◆ **Available data**
· · ·

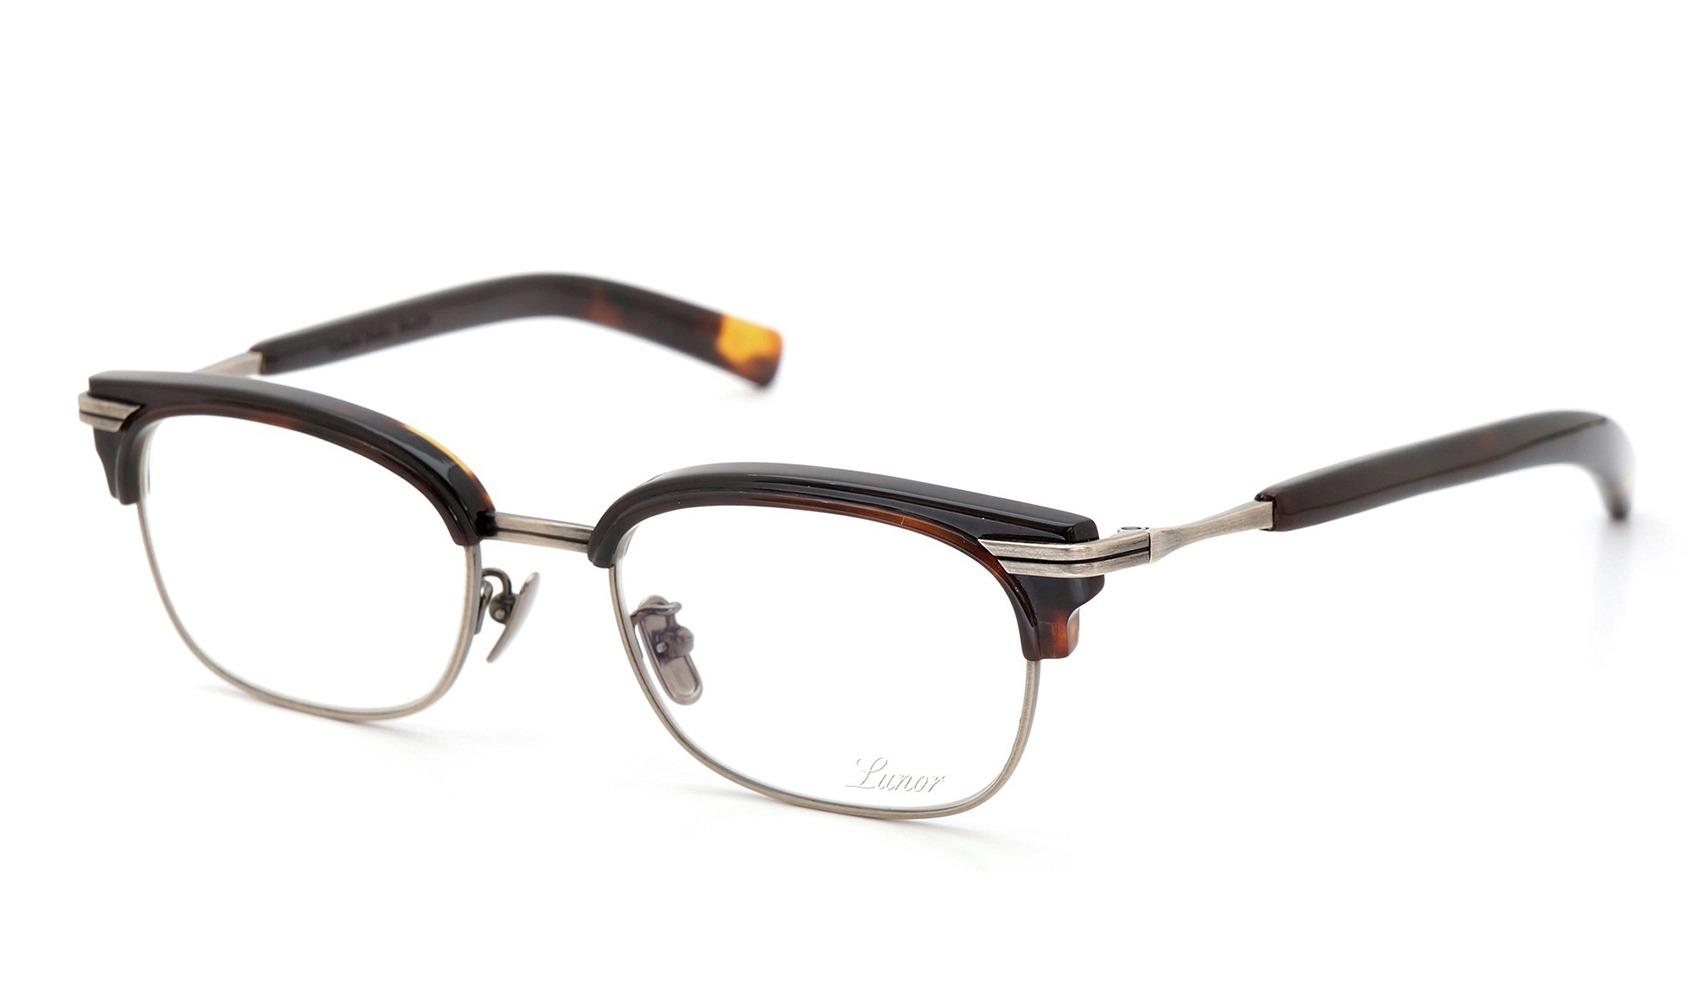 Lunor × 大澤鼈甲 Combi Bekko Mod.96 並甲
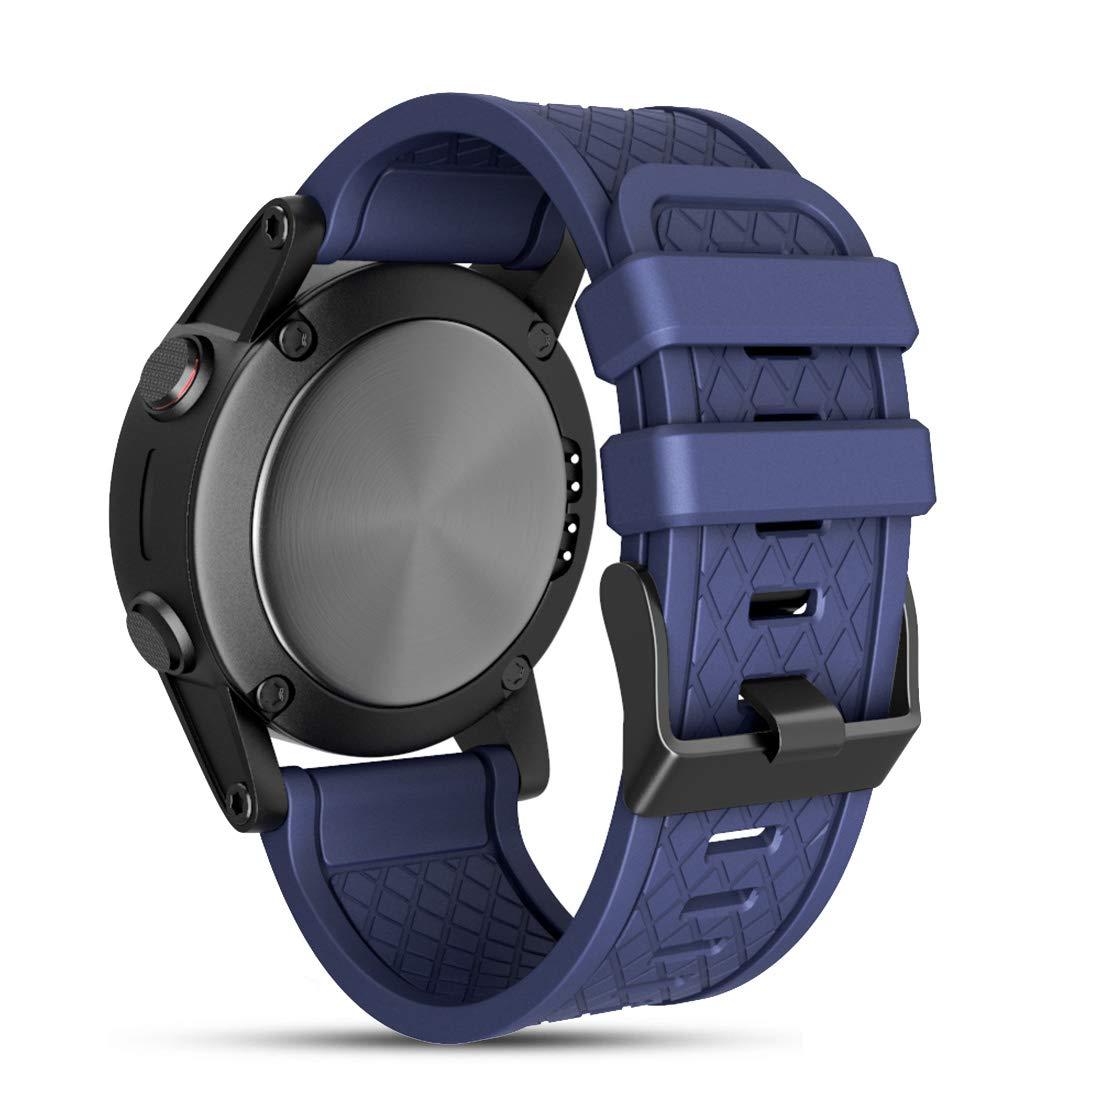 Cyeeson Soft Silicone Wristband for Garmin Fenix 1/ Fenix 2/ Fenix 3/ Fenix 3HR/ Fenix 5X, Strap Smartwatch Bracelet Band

· · ·

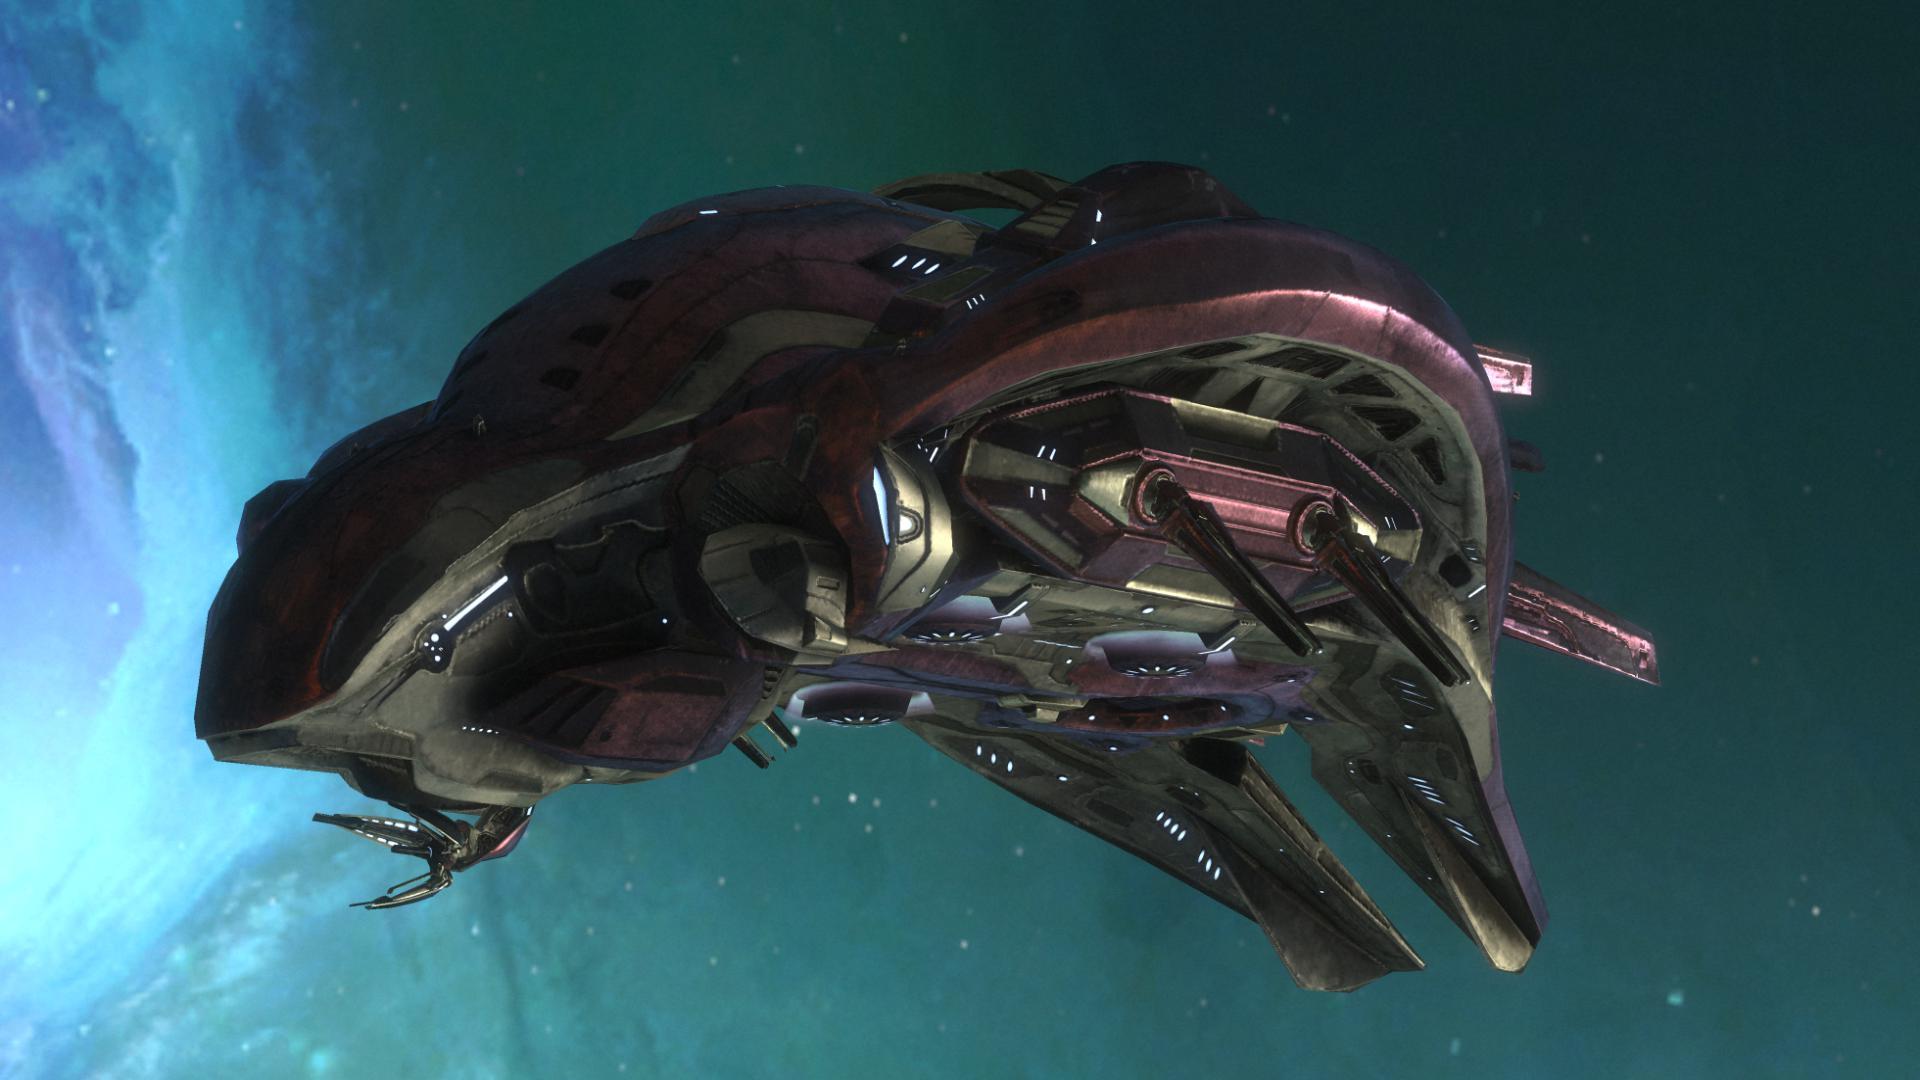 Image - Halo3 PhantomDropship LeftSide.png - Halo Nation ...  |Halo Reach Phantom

· · ·

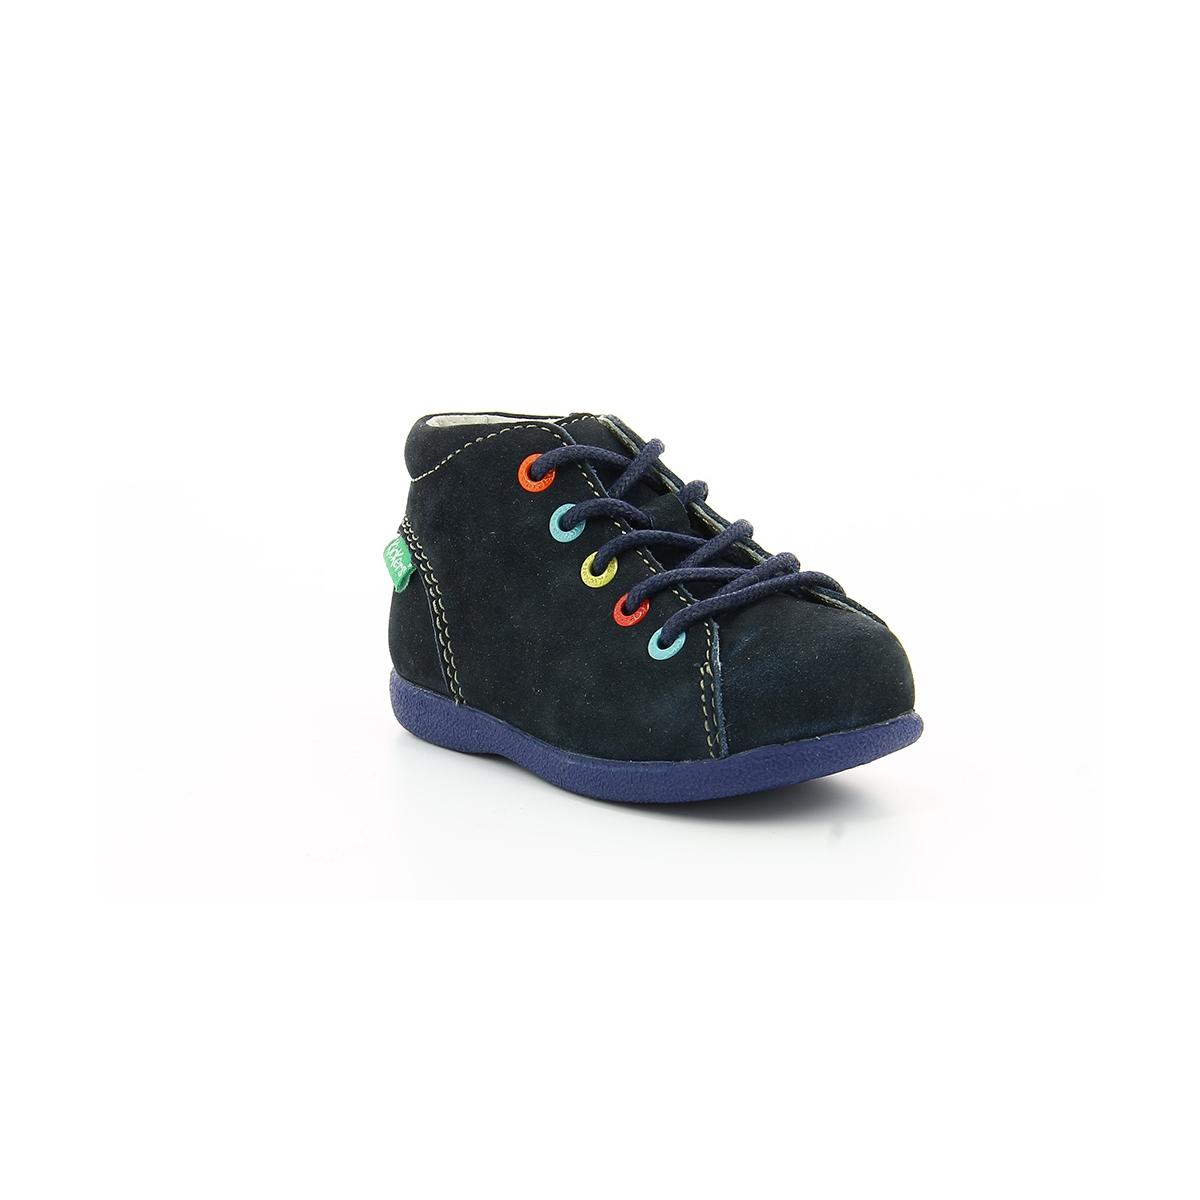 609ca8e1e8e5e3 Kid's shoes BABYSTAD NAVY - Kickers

· · ·

◆ **What to produce**
Above is the material; set down exactly its lines from the one containing "Lunor × 大澤鼈甲 Combi Bekko Mod.96 並甲" down to the one containing "Cyeeson Soft Silicone", both included, leaving out any pictures.

◆ **Solved problem**
 Lunor × 大澤鼈甲 Combi Bekko Mod.96 並甲
 Cyeeson Soft Silicone Wristband for Garmin Fenix 1/ Fenix 2/ Fenix 3/ Fenix 3HR/ Fenix 5X, Strap Smartwatch Bracelet Band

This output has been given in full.